R-quadrato è una misura statistica che rappresenta la proporzione della varianza per una variabile dipendente spiegata da una variabile o variabili indipendenti in un modello di regressione. Varia da 0 a 1, indicando la bontà di adattamento del modello.
Comprendere R-quadrato
Definizione e Interpretazione
- Intervallo di Valori: I valori di R-quadrato variano da 0 a 1.
- Interpretazione:
- Un R-quadrato di 0 significa che il modello non spiega alcuna variabilità dei dati di risposta attorno alla loro media.
- Un R-quadrato di 1 indica che il modello spiega tutta la variabilità dei dati di risposta attorno alla loro media.
- Un valore più vicino a 1 implica un miglior adattamento, mentre un valore più vicino a 0 indica un cattivo adattamento.
Calcolo di R-quadrato
R-quadrato può essere calcolato usando la seguente formula:
R² = 1 – (SSres / SStot)
- SSres: La somma dei quadrati dei residui (le differenze tra i valori osservati e quelli previsti).
- SStot: La somma totale dei quadrati (la varianza dei dati osservati).
Esempio di R-quadrato
Consideriamo un’analisi di regressione lineare semplice in cui vogliamo analizzare la relazione tra il numero di ore studiate e i punteggi ottenuti in un esame.
- Supponiamo di avere i seguenti dati:
- Ore Studiate: [1, 2, 3, 4, 5]
- Punteggi Ottenuti: [50, 55, 65, 70, 80]
- Supponiamo che il modello di regressione lineare ci fornisca i punteggi previsti.

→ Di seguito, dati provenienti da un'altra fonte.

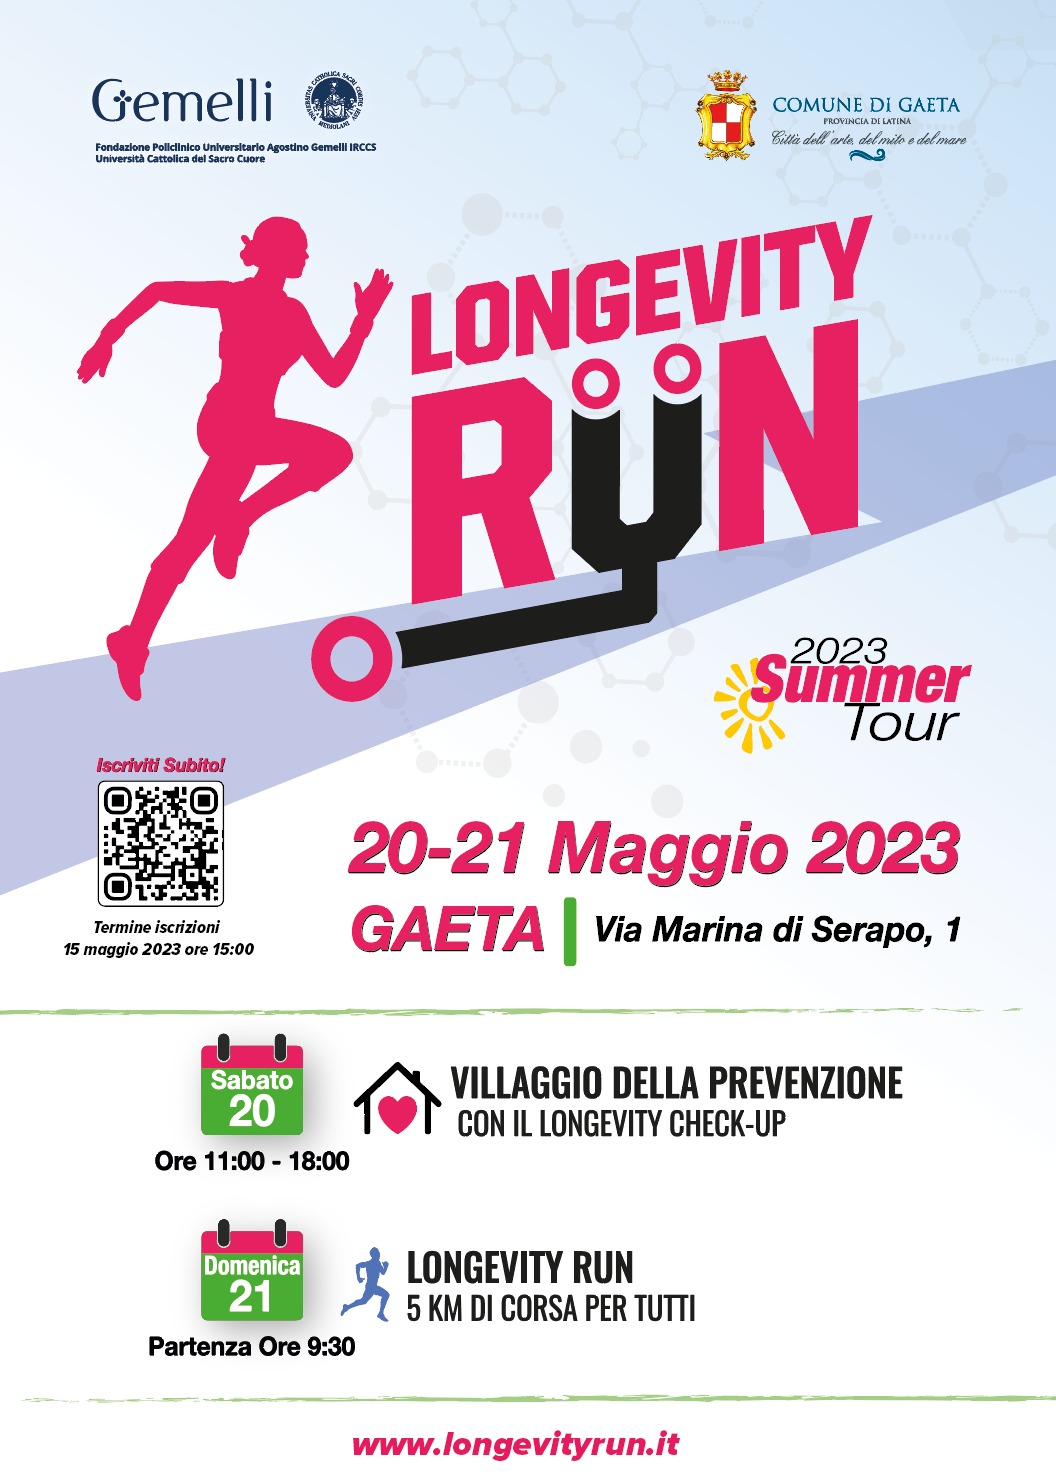 Longevità Run Summer Tour, prende il via da Gaeta il progetto realizzato dal Policlinico "Gemelli" che unisce sport e prevenzione

- La somma dei quadrati dei residui (SSres) può essere calcolata come segue:
– Punteggi Previsti: [52, 57, 62, 67, 72] – Residui: [50-52, 55-57, 65-62, 70-67, 80-72] = [-2, -2, 3, 3, 8] – SSres = (-2)² + (-2)² + (3)² + (3)² + (8)² = 4 + 4 + 9 + 9 + 64 = 90 - La somma totale dei quadrati (SStot) è calcolata come:
– PunSCORE medio = (50 + 55 + 65 + 70 + 80) / 5 = 62
– SStot = (50-62)² + (55-62)² + (65-62)² + (70-62)² + (80-62)² = 144 + 49 + 9 + 64 + 324 = 590 - Sostituendo i valori nella formula di R-quadrato:
R² = 1 – (90 / 590) ≈ 0.846
Questo significa che circa il 84.6% della variabilità nei punteggi dell’esame può essere spiegata dal numero di ore studiate, indicando una forte relazione tra le due variabili.